DHS survey boundaries are obtained from the DHS Program’s Spatial Data Repository and overlaid on a GIS software system. When geographic boundaries of a later sample do not align with units of the previous DHS survey for that country because of boundary changes, we create larger aggregated units that are stable over time. We refer to this process as the spatial harmonization of geographic boundaries.

If administrative units split or merge, the harmonized unit will have the boundaries of the largest version of the unit. If a territory is redistributed between two or more units, the units are combined. Some detail is always lost in the process of spatial harmonization because administrative units are merged to find the geographic least common denominator.

In a few cases, boundaries have been reorganized to such an extent that harmonization is nearly impossible. In such cases (e.g., for Cameroon, Guinea, Jordan, and Mali), we have typically created sets of consistent units spanning different year ranges and placed them in different integrated variables. Sometimes early DHS surveys labeled regions through vague descriptive terms (e.g., “Coast” or “Mountains”) rather than naming recognized political units. In such cases, we have provided only sample-specific geographic variables (e.g. for Congo Brazzaville, Cote D’Ivoire, and Yemen).

Case Study: Access to safe drinking water

We can demonstrate the usefulness of spatially harmonized geography by creating thematic maps displaying the percentage of households in the DHS data that are using improved sources for drinking water. The United Nations’ Sustainable Development Goal 6 calls for “Ensuring Access to Water and Sanitation for All,” and the United Nations notes that access to safe water is “the most basic human need for health and well-being.”1 The U.N. further notes that water and climate change are linked, with droughts exacerbating water scarcity.

Improved sources of drinking water are here defined as piped water, water from wells and tube wells, surface water from springs and rivers, rainwater, and water purchased from a truck or in bags or bottles. Information about drinking water collected in DHS surveys and how that information is harmonized by IPUMS can be found in the IPUMS DHS DRINKWTR variable. More details can be found in chapter 16 of the DHS guide to statistics.

Countries and samples

In this demonstration, we will highlight the sub-Saharan countries of Malawi, Tanzania, Mozambique, Zambia, and Zimbabwe. The table below lists these countries and their sample years and notes the changes in boundaries for each country. For Malawi, we use sub-regions or the second level administrative units; here, 28 sub-regions in 2010 increased to 32 sub-regions in 2016. For Tanzania and Zambia, the regional boundaries changed from one sample to the next. For Zimbabwe, there were no changes in regional boundaries from one sample year to another. We also display a single sample for Mozambique in our year 1 maps. Note that, for the purposes of this demonstration, we do not show all the sample years available in IPUMS DHS, but rather only selected sample years.

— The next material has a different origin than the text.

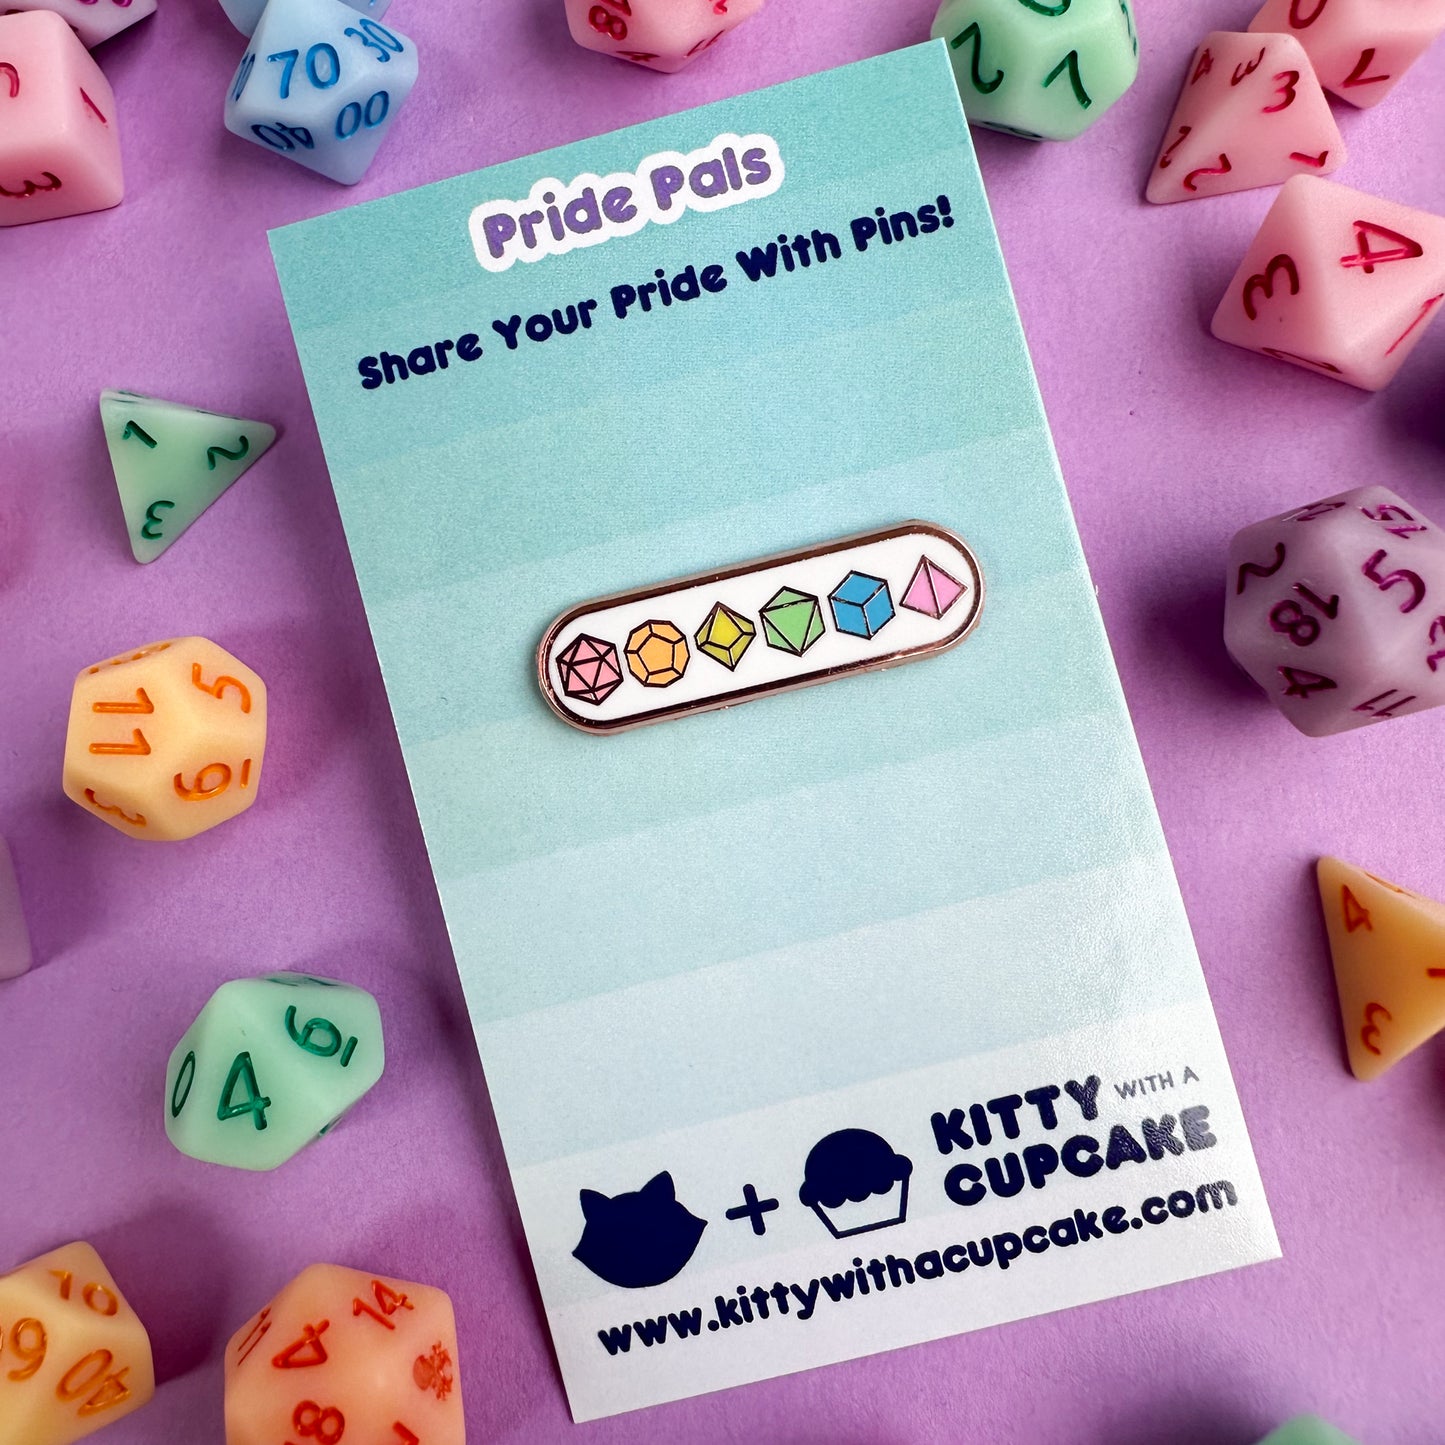 An enamel pin on a card the pin has pastel polyhedral dice on it. There are real pastel polyhedral dice around the card on lavender paper.

Summary of samples used in this demonstration
Country Survey Year 1 Survey Year 2 Boundary changes?
Malawi 2010 2016 Yes—28 sub-regions to 32 sub-regions
Tanzania 2010 2015 Yes—26 regions to 30 regions
Mozambique 2011 No—single year with 11 regions
Zambia 2007 2013 Yes—9 regions to 10 regions
Zimbabwe 2010 2015 No—10 regions in both years

Visualizing the percent of households using improved drinking water

All maps shown below represent the percentage of households that use drinking water from improved sources. For the countries listed in the table above, paired maps display results from two time periods. Map A shows results from the earlier survey (i.e., 2010 Malawi, 2010 Tanzania, 2011 Mozambique, 2007 Zambia, and 2010 Zimbabwe) and Map B displays results from the later survey (i.e., 2016 Malawi, 2015 Tanzania, 2013 Zambia, and 2015 Zimbabwe). Shades of the color blue represent spatially harmonized maps; shades of the color green appear on sample-specific maps. In general, the darker the color, the higher the percentage of households using improved sources of drinking water.

Figure 1 displays two sample-specific GIS maps, meaning the spatial boundaries for the two time periods for a given country are not the same. These maps show that, overall, the percentage of households using improved drinking water increased. The rate of increase differs, however, both between countries and within countries.

While very broad conclusions about change based on sample-specific geography may be sound, a closer look at the maps shows problems with using sample-specific geography. We have circled three areas affected by changes in geography. Specifically, the changes consist of splitting of boundaries in eastern Zambia (the largest circle), reorganization of boundaries in northern Tanzania (the top circle), and separation of rural and urban areas in central Malawi (the right-hand circle).

Figure 1: Percent of households that use improved sources of drinking water. Note that the maps do not show consistent spatial boundaries. The red circles indicate areas with changes in geographic boundaries.

Map A shows 2010 data from Malawi, Tanzania, and Zimbabwe; 2011 data from Mozambique; and 2007 data from Zambia.
Map B shows 2015 data from Tanzania and Zimbabwe; 2016 data from Malawi, and 2013 data from Zambia.

When spatial harmonization is necessary

Figure 2 displays the part of Zambia where two units split up to form three units. A new political region, Muchinga, was formed from parts of the Northern and Eastern regions. Although the names of the Northern and Eastern regions remained the same, their spatial footprint changed from 2007 to 2013.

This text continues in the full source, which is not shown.